Saturday, August 15, 2009

debra-rezervations

hi friends.
I'm new to blogging, but am assured that if I feel that I have something to say this is the best way to get things off my chest.
First things first...hopefully my title will tell you that I'm a First Nation woman. I also do not live on a reserve.
I grew up in the times of Cowboys vs Indians and now find my self living in the time of Indians vs Indians. My mother was enfranchised (baned from her home reserve) when she married my father in 1939 and moved with him to a white town 150 miles away. She was a shy woman who was openly discriminated against by her in-laws and towns people alike. I can remember school children war-whooping at us as we did the grocery shopping. I also remember her being admonished to have her 1/2 breeds keep their dirty hands off the merchandise, unless she was buying it...nobody wants something you lot have been touching.My mother (or any Indian, for that matter) ran the very real risk of being arrested if they went into any establishment that had a liquor license, unless accompanied by a white person. It was against the law to sell liquor to Indians, according to the Indian Act. I also remember going to see my Granny and various relatives on the rez only to be told we needed a pass- book and needed to give an exact time when we would be leaving. The one time the car broke down before we were retrieved from Gran's house we were escorted to the end of the rez to wait off reserve land to be picked-up. This was by the order of the Indian Agent, a government employee who lived on reserve to enforce these laws. Why did the Chiefs allow their enfranchised women to be treated so badly? Why did't they fight for these women? Well again the Indian Act said that no native person would be allowed to hire a lawyer and that would be the way things stayed till the 1960's. That was my last visit there till long after my mothers passing and the law was changed and she was given her status back,as well as her children. But not her grandchildren. My Uncles who married out (the term for native/non-native marriages) had given status to their wives and any minor children they brought to the marriage. This was the govt. policy of paternal rule.

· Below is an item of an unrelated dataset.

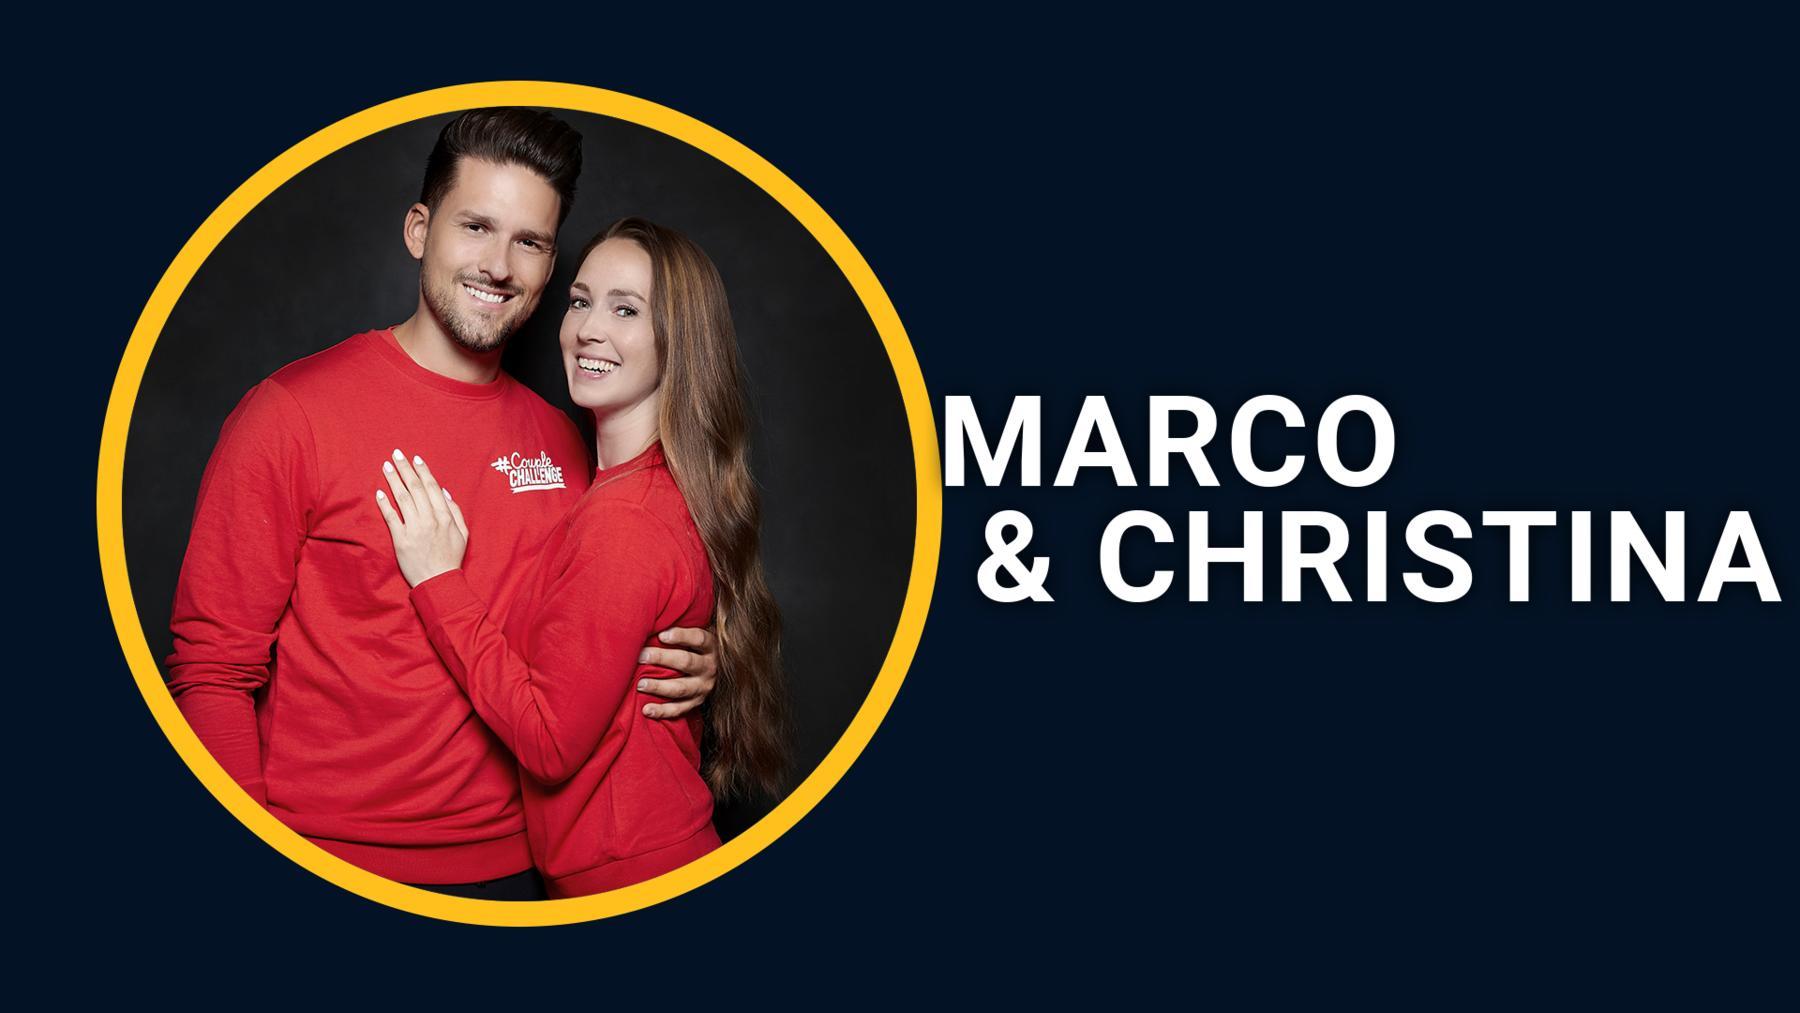 Marco & Christina

So when the act, to ammend the Indian act (a racist document that many 1st. nation people live under even to this day) was passed in 1985 after many years of court battles fought on grounds of sex discrimination I too got a status card, but one hitch not my children. None of the enfranchised womens grandchildren would be recognized. Enter Sharon McIvor. Sharon took a court challenge on the grounds of sex discrimination, citing the paternal rule, (men who married out till around the 1970s, still passed their their status to their wives) and thus she (as did many others across the country still had white in-laws, and their children with status, but not her children) She won in the lower courts and was on her way to the highest court in the land when all of the sudden the Harper Government cancelled the court challenges program. Now the court challenge program is at the very heart of democrocy. If the citizenery isn't allowed to bring legal challenge against their Governments, then that assumes that the Government is infalliable, and then we live not in a democory but a dictarorship. The Aboriginal Women's Association then got behind the court challenge and began fund raising to continue the fight for an end to the discrimanation of aboriginal women. Then in late June of this year the minister of Indian and Northern Affairs Canada Chuck Strul made the announcement that they will be consulting with the AFN (Assembly of First Nations) and the Aboriginal Women's Association through out the summer to address this issue, and set the month of April 2010 as the time they should start to give status to the second generation.